I have pipeline.workers set to 1, yes. It's set in the containers environment variables.

That is very cool that I can stash it in a variable.
I'm going to add it after the first grok filter parsing, like this I think:

if "_grokparsefailure" in [tags] {
  if [message] =~ "Process ID:" {
    grok { match => { "message" => [ "^%SPACE}\* Process ID: %NUMBER.pid}" ] } }
    ruby { code => '$pid = event.get("pid")' }
  }
  drop { }
}

I'm a bit unsure about how to understand the stashing and retreiving.
So I tried doing the $pid above, and then modify the 'Completed' aggregation to have a code like this:

if [status] == "Completed" {
  aggregate {
    task_id => "%{taskid}"
    code => "event.set('duration', map['duration']) ; event.set('sent', map['sent']) ; event.set('ProcessID', $pid)"

But that didn't work. The ProcessID was nil, so how do I get that done correctly?

I also tried placing the line you wrote directly in the filter (outside the aggregate filter), but that also gives me a nil as value.

I'm very impressed with your help, you are definetely my hero in this endeavour :slight_smile: Thankyou!

The global variable works. It's the grok that is not working. It should be

"^%{SPACE}\* Process ID: %{NUMBER:pid}"
1 Like

Dooh, you are simply a star :muscle:, darned, it is very very cool.
Now the boss had some input, he is very impressed with the result! What a filter :exploding_head:
He is a bit worried that the TaskID of 4 hex codes could be the same on different servers, so I was thinking to just do a mutate at the top, and use that value in the aggregate filter:

mutate {
  add_field => {
    "identity" => "%{instance}%{TaskID}"
  }
}

And that seems to work :slight_smile: Weeheee

So now it's getting real life data, interesting to see if it works as it's supposed to :slight_smile:

Again, a thousand thanks for your invaluable help!
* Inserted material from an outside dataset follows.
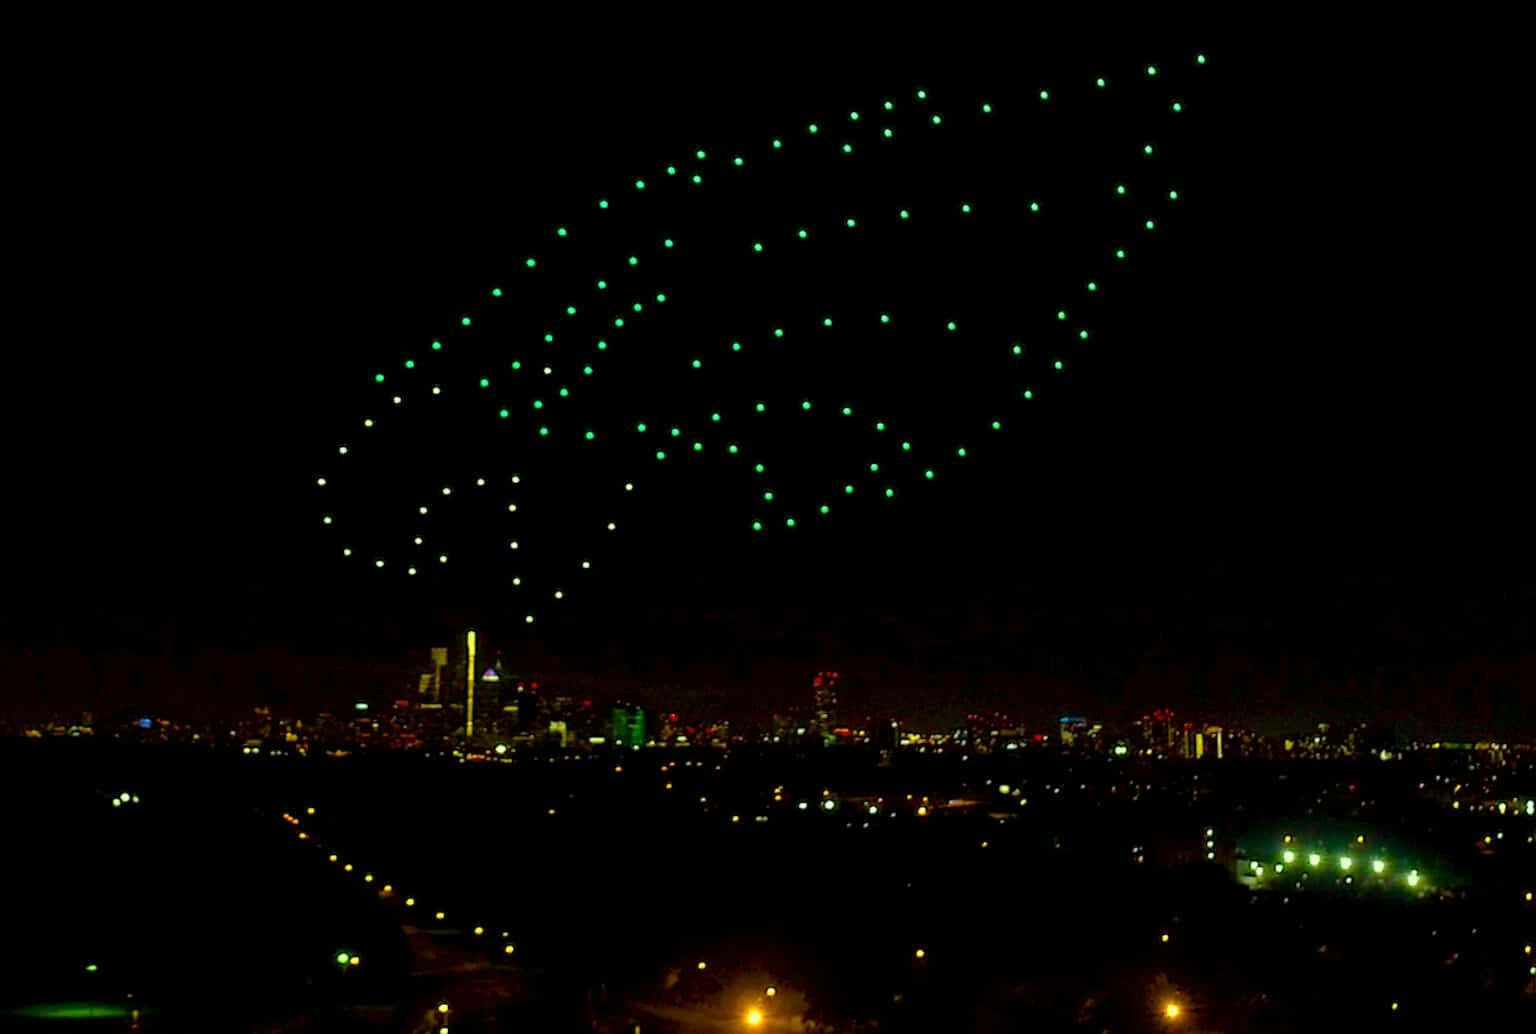 Verge Aero flyes a drone show for the Philadelphia Eagles for the start of the 2020 season.

I can see that some of the logfiles do not have a 'Process ID' in them, and that gives me a ruby exception:

logstash | [2019-01-17T07:52:34,964][ERROR][logstash.filters.ruby ] Ruby exception occurred: uninitialized class variable @@pid in LogStash::Filters::Ruby

I've tried
ruby { code => "if (defined?(@@pid)).nil? then event.set('ProcessID', '') else event.set('ProcessID', @@pid) end" }

And I think the code itself works, but apparently, if the @@pid has been set in one logfile, it will be not be 'reset' when then next logfile starts.

I was thinking that if a new logfile is started, it should set the 'ProcessID' = ''.
But then I got stuck, I was thinking that I could use the field 'offset', and then set that in a variable (oldposition).
and if the offset was < than the (oldpositition), it's because it has started on a new file.
But as the fields are reset for every line, I guess, this has to be ruby code as well? And then I got stuck, as I've never coded in Ruby.

Something like

ruby {
    init => '@@offset = 0'
    code => '
        o = event.get("offset")
        if o < @@offset then
            @@pid = nil
        end
        @@offset = o
    '
}
1 Like

Great, thankyou!

This topic was automatically closed 28 days after the last reply. New replies are no longer allowed.